VEDI ANCHE CultureEsiste una differenza tra uguaglianza ed equità?Fu proprio grazie a quell’incontro che iniziai a pensare a mio figlio in maniera totalmente diversa, guardandolo sotto una luce differente: Alberto non aveva solo tutti quei limiti che mi ripetevano gli specialisti, ma anche delle risorse e delle potenzialità
Seguendo questo tipo di progetto pedagogico, abbiamo incominciato a lavorare con l’equipe del prof. Cuomo (associazione AEMOCON) e abbiamo fondato la Fondazione CondiVivere. Abbiamo iniziato a creare, sotto la supervisione scientifica dell’associazione, delle situazioni e dei contesti di vita sociali in cui i ragazzi potessero essere immessi in modo inclusivo: le famiglie stesse sono state formate nel tempo al metodo in modo che l’indirizzo pedagogico fosse seguito fuori e dentro casa con la maggior coerenza di interventi possibile.
Successivamente la Fondazione, attraverso l’operato della Cooperativa Sì, si può fare, ha creato delle palestre di autonomie, mettendo a disposizione delle case in cui i ragazzi potessero imparare a gestire il quotidiano con la mediazione degli educatori, attraverso una partecipazione vera e azioni concrete come fare la spesa, farsi da soli il pranzo e così via. Alcuni ragazzi sono stati inseriti anche in contesti lavorativi!
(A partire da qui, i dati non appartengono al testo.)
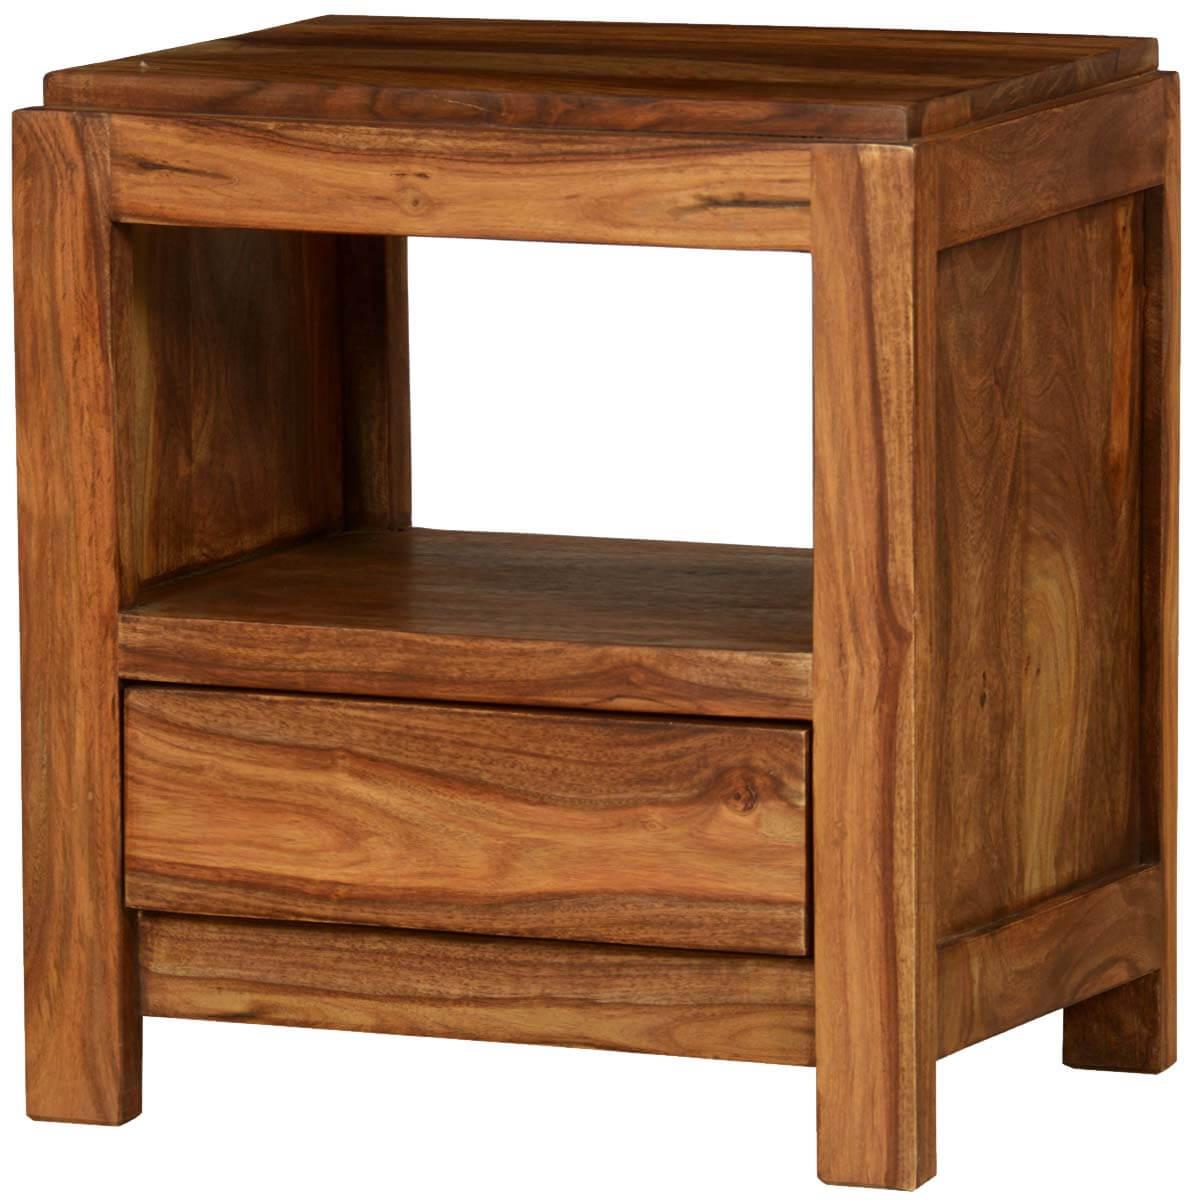 Pioneer modern rustic solid wood nightstand end table w drawer for Rustic nightstands

Questa partecipazione attiva al lavoro e alla vita domestica determina uno sviluppo di tipo cognitivo: le potenzialità dei ragazzi con disabilità fioriscono. La frase del Prof. Cuomo e della sua associazione che ci guida è: Il desiderio di esistere e l’emozione di conoscere. Significa che ogni essere umano, se spinto da un desiderio di conoscere, mette in moto una serie di azioni concrete. Ci dev’essere però questa spinta emotiva, questa molla.
Quello che fa la Fondazione è proprio creare i contesti dove possa avvenire tale stimolazione. Non siamo noi a scegliere o a fare per loro. È così che ho visto mio figlio crescere davvero
Nel frattempo, solo 5-6 anni fa abbiamo ricevuto finalmente una diagnosi per Alberto, scoprendo che è affetto dalla Sindrome di Angelman, una malattia rara che colpisce 1 persona su 20.000. Nessuno poteva immaginare che Alberto avrebbe potuto fare questo tipo di percorso: Alberto ora vive nella casa di Dergano quattro giorni a settimana insieme a un’assistente personale e ha una sua vita indipendente da quella della famiglia, organizzata secondo alcuni impegni e responsabilità ma anche secondo i suoi desiderie la sua capacità di autodeterminazione. Inoltre lavora in negozio, fa un tirocinio in una bottega di restauro di mobili e partecipa alle attività della cooperativa. Fa la spesa, prepara da mangiare, invita gli amici a casa: lo vedo sempre più sereno e sempre più consapevole.
La Fondazione punta a mettere le basi per il “dopo di noi”: infatti, tutti i genitori delle persone con disabilità si chiedono: “cosa succederà quando non ci saremo più?”. Creare questi contesti di vita autonoma mette le basi per far sì che questo percorso continui anche senza di noi.
In questo percorso di crescita di Alberto, ha aiutato molto il fatto di ribaltare la prospettiva sulla disabilità: sottolineare i limiti e le cose che non ci sono, come viene fatto generalmente, inchioda la persona a rimanere quello che è. La etichetta e la paralizza
Pensare invece che ci possano essere delle potenzialità su cui lavorare vuol dire dare la speranza di un percorso e vedere la persona in una maniera costruttiva e non distruttiva. Io mi accorgo di com’è soddisfatto Alberto quando riesce ad avere occasioni di successo, com’è sereno da quando è riuscito a trovare una sua collocazione nel mondo.
Solo un cambio di prospettiva può portare a un buon inserimento lavorativo e sociale nella consapevolezza che ognuno ha la propria storia, i propri talenti e le proprie potenzialità.